SWOG 1500: PFS longer with cabozantinib than sunitinib in mPRCC
Cabozantinib reduces the risk of disease progression or death by 40 percent compared with the current standard sunitinib in patients with metastatic papillary renal cell carcinoma (mPRCC) – a primary malignant tumour of the renal tubular epithelium – in the phase 2 SWOG 1500 study.
Progression-free survival (PFS) was significantly prolonged with cabozantinib vs sunitinib (9 months vs 5.6 months, hazard ratio [HR], 0.6; 95 percent confidence interval [CI], 0.37-0.97). [ASCO GU 2021, abstract 270]
“Cabozantinib resulted in a dramatic improvement in PFS,” said Dr Sumanta (Monty) Pal, clinical professor of medical oncology at City of Hope in Duarte, California, US, and SWOG Cancer Research Network investigator. “For the first time, we have an agent that benefits outcomes in this rare patient population, where previously there was no real true standard of care.”
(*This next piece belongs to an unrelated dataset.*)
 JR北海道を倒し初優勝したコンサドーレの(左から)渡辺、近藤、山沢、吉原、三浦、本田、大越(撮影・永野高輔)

Local pathologic review showed that 18 percent of patients had type I histology, 54 percent had type II histology, and 28 percent had mixed/other histology, with corresponding frequencies per central review of 30 percent, 45 percent, and 25 percent, respectively.
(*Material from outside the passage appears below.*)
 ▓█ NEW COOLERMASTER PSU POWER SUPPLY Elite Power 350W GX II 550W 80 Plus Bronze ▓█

Cabozantinib benefits persisted in those with type I (local assessment, HR, 0.26; 95 percent CI, 0.07-1.01; central assessment, HR, 0.56; 95 percent CI, 0.22-1.45), and type II (local assessment, HR, 0.57; 95 percent CI, 0.3-1.06; central assessment, HR, 0.62; 95 percent CI, 0.31-1.24) histology.
The new reference standard for systemic therapy in mRCC?
“Despite discordances observed in the subtype classifications, cabozantinib appeared to have a homogenous effect across treatment groups,” Pal said at ASCO GU 2021. “Our data support cabozantinib as a new reference standard for systemic therapy in eligible patients with metastatic RCC.”
The confirmed overall response rate (ORR) of 23 percent (complete response, 5 percent) with cabozantinib was significantly higher vs the 4 percent ORR (complete response, 0 percent) with sunitinib (p=0.01).
Small-molecule c-MET kinase inhibitors crizotinib and savolitinib were also evaluated in the SWOG 1500 study, but both failed to demonstrate benefits vs sunitinib (PFS 2.8 and 3 months, respectively vs 5.6 months).
Cabozantinib wins vs c-MET kinase inhibitors
Pal and team compared all three putative kinase inhibitors with sunitinib on the contention that MET signalling is a key molecular driver in PRCC. “We’d like to find out if any of the three drugs could delay tumour growth, and ironically, a drug that I was involved in, in the phase 1 development – cabozantinib – made the mark and improved patient outcomes,” Pal excitedly reported.
The data were from 147 patients (median age 66 years, 76 percent men) who had mPRCC and a Zubrod performance status of 0–1. They may have received up to one prior systemic therapy, excluding VEGF- or MET-directed therapy. Ninety-two percent of the patients had no prior therapy.
Patients received sunitinib 50 mg daily on a 4 weeks-on, 2 weeks-off schedule (n=46), cabozantinib 60 mg daily (n=44), crizotinib 250 mg twice daily (n=28), or savolitinib 600 mg daily (n=29). The primary endpoint was PFS for each MET kinase inhibitor vs sunitinib; secondary endpoints were overall survival (OS), response rate, and adverse events.
Accrual for the crizotinib (median PFS, 2.8 months) and savolitinib (median PFS, 3 months) groups was halted early for futility. Interestingly, there was a slight trend toward improvement with cabozantinib vs sunitinib (20 months vs 16.4 months) in the preliminary OS results. Yet there were no significant differences seen overall.
Median OS was 19.9 months with crizotinib vs 11.7 months with savolitinib.
Grade 3–4 adverse events occurred among 68 percent of patients on sunitinib, 74 percent on cabozantinib, 37 percent on crizotinib, and 39 percent on savolitinib. There was one grade 5 adverse event with cabozantinib.
Understanding the biology in rare cancers ‘critical’
“Understanding the biology in rare cancers, whether it’s a rare type of kidney cancer, or breast cancer, or ovarian cancer, is critical,” Pal emphasized. “Developing trials around that biology is challenging, but as we’ve demonstrated in SWOG 1500, it is doable and necessary if we’re going to move the needle for these patients.”
Despite these advances, mutant inhibitor-resistant kinases evolve quickly. Appropriate multitargeted inhibitors or combinations for mPRCC should be studied rigorously.